“An Impetus for Learning Beyond One’s Own Research Topic”
A PhD short-term mobility took the three mdw students Caroline Gansterer-Heider, Constantin Luger, and Abigail Wagner to Cape Town, South Africa, for a week in March 2025. Their teacher Evelyn Annuß, Professor for Gender Studies, initiated the research trip. She and mdw teachers Isabel Frey and Philipp Hohmann held classes at the University of Cape Town, which were also attended by the doctoral students from the mdw, and engaged in intensive exchange with students from the Centre for Theatre, Dance & Performance Studies there. In addition to university events, the days in Cape Town were filled with a cultural programme that helped the mdw students understand the past and present of South Africa.


“Before you travel to South Africa, you know the basics of the country’s history of colonisation, slavery, and apartheid, of course,” says Constantin Luger. “But when you’re actually there, the turbulent history of the country and the city becomes very immediate.” A must for the students was a visit to the District Six Museum, which shows the history of Cape Town’s District Six, an area where people of various cultural, social, and ethnic backgrounds lived at one time. At the end of the 1960s, most of the neighbourhood’s inhabitants were forcibly removed and it was declared a whites-only residential area. The students also visited the former prison on Robben Island. During apartheid, it was used primarily to imprison political prisoners. Nelson Mandela spent eighteen years of his imprisonment there, prior to being elected South Africa’s first Black president in 1994. The former prison was opened to visitors in 1997.

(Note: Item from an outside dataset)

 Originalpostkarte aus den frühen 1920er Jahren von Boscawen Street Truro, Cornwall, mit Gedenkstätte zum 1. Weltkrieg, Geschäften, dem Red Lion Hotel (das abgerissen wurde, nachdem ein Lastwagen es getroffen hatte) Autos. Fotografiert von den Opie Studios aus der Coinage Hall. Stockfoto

For the students, participating in this trip first and foremost served to widen their horizons. “For me, it was an impetus for learning beyond one’s own research topic,” says Abigail Wagner, who researches in the area of historical musicology. Constantin Luger studies in the Department of Cultural Management and Gender Studies. His research subject is the late Austrian pop singer Falco as a fictional character. “In general, I am committed to taking away as much as possible from my studies,” explains Constantin. “My conversations with students at the University of Cape Town gave me many new ideas, including ideas about artistic research.” Caroline Gansterer-Heider conducts artistic-scholarly research in the area of bias in cinematographic technology. “This trip and deeper insights into the research being conducted at the University of Cape Town and at the new International Research Center – Gender and Performativity at the mdw were very enlightening for me and caused me to reflect on my own white, Eurocentric perspective of my research topic,” remarks Caroline. “The history of inequality, oppression, and resistance—including in the form of the visual arts and above all in performance—is incredibly impressive. No theory in a book can compare to being right there and witnessing the traces of this history.”

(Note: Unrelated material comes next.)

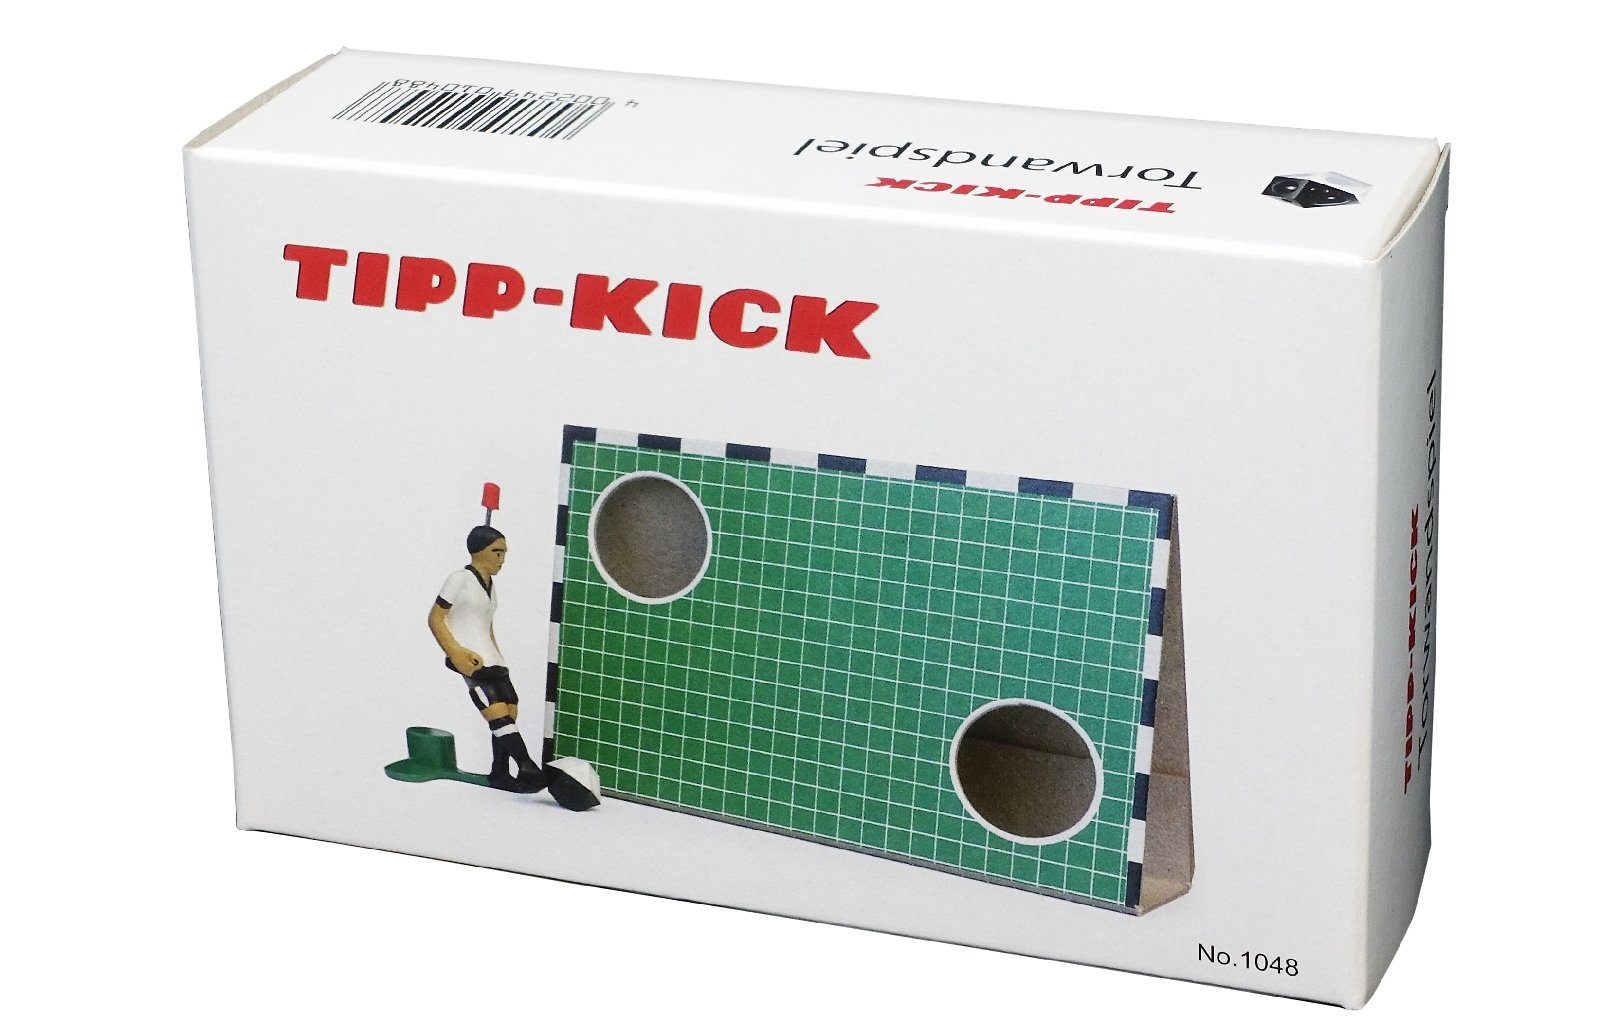 Spieler Tip Deutschland Torwandspiel Kicker Kick Set Ball Tipp-Kick Torwand Tischfußballspiel

Nearly 30,000 students study at the University of Cape Town in numerous disciplines, including business, law, the humanities, and engineering. The university is spread over various locations in the city. The Centre for Theatre, Dance & Performance Studies is located in the suburb known as The Gardens, a tourist area with many hotels and restaurants.


“Exploring the city, you notice how it is divided into separated spaces,” says Abigail. Social inequalities according to the area are also evident in the access to urban infrastructure, for example when scheduled power outages usually effect neighbourhoods outside the wealthy areas and those frequented by tourists. “Next to townships surrounded by walls and barbed wire, you find the villas and wine estates of the wealthy class, which are also spatially demarcated,” says Constantin. “This is grotesque. It takes a while to process these impressions.”
The mdw students were very enthusiastic about their open exchange with the teachers and students in Cape Town and plan to maintain these connections. Colleagues from the University of Cape Town will come to Vienna for the opening of the mdw’s International Research Center – Gender and Performativity (ICGP) from 12 to 14 June 2025. Constantin and Caroline could imagine doing another mobility to South Africa, particularly in view of the connections they have made in the field of artistic research.
All three would recommend a PhD short-term mobility to other doctoral students. “The PhD curriculum is strongly focused on presenting one’s own research topic. A mobility like this one is a good opportunity to learn again to explore other topics as well,” says Abigail. Constantin adds, “For the interdisciplinary aspect, mobilities are very valuable. At the intersection of art and research, it is important in general to be exposed to new input.”